Литературное произведение — не зеркало реальных обстоятельств, но они не безразличны для понимания текста: исторический комментария составляет необходимый вспомогательный компонент осмысления текста. Как представления о мире необходимы для понимания слов, хотя и не определяют содержания речи, так знание исторических обстоятельств, в том числе ситуации автора, полезно для понимания литературного произведения. Чеховские тексты густы, как хорошая поэзия — каждое слово в счет. Прямая функция этой густоты — смысловая глубина, которая не приметна с поверхности. Только глаз, настроенный на тончайшие особенности чеховского языка, способен различить под поверхностью повествуемых перипетий менее очевидные события — чисто смысловые. В художественных текстах, в том числе чеховских, существенно не только то, о чем повествуется, но и то, что и как сказано. Редкостная особенность речи Чехова заключается в том, что она ненавязчива; он не щеголяет ею, а, наоборот, укрывает ее индивидуальные особенности в одежды общепринятой, расхожей речи, так что кажется, будто он занят подражанием жизни.

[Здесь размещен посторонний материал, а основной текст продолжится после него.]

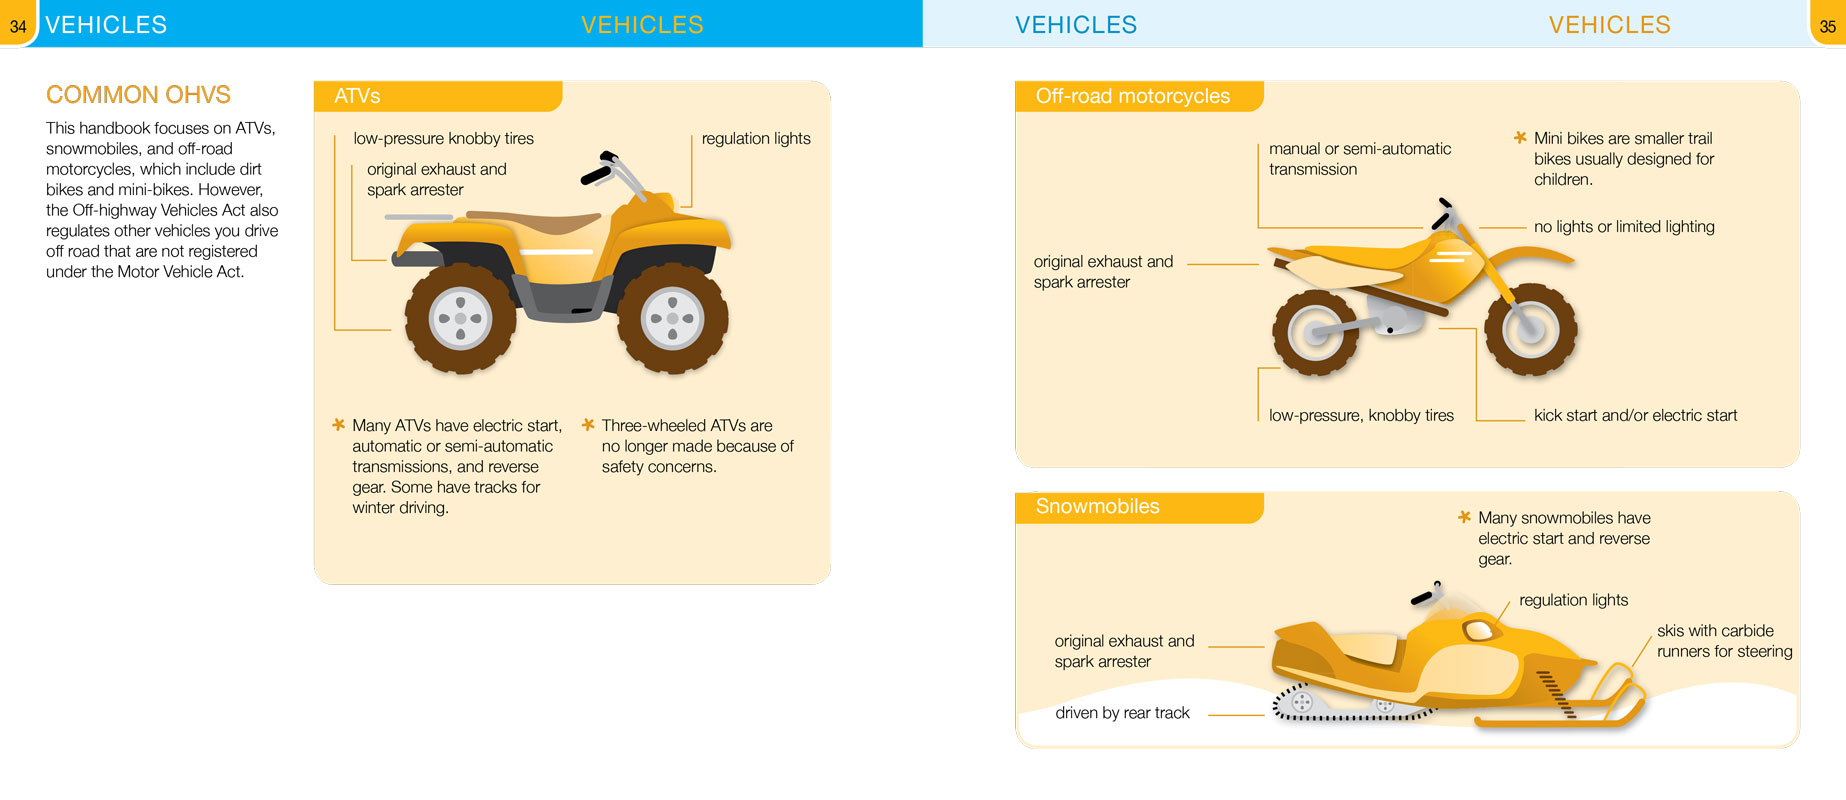 OHV Vehicles

Подобно поэтической, речь Чехова супердетерминирована, то есть имеет дополнительные функции: помимо привычных прямых логико-грамматических функций, артикулирующих высказывание, и репрезентативных, описательных, представляющих видимые предметы и события, его речь мягко акцентирует некоторые элементы высказывания, которые в совокупности создают особый, символический уровень значений [СЕНДЕРОВИЧ. С. 350–351, 387].
Итак, поскольку текстам Чехова в большинстве своем присуща «смысловая глубина, которая не приметна с поверхности» в их понимании и интерпретации мы сталкиваемся с теми же герменевтическими проблемами, что и в случае поэтических или библейских текстов. По этой причине, во избежание излишней субъективности, ниже мы будем по возможности избегать анализа еврейских образов в чеховских произведениях, ограничившись лишь несколькими иллюстрациями герменевтических раскрытий в Гл. VIII., выполненных известными учеными-филологами.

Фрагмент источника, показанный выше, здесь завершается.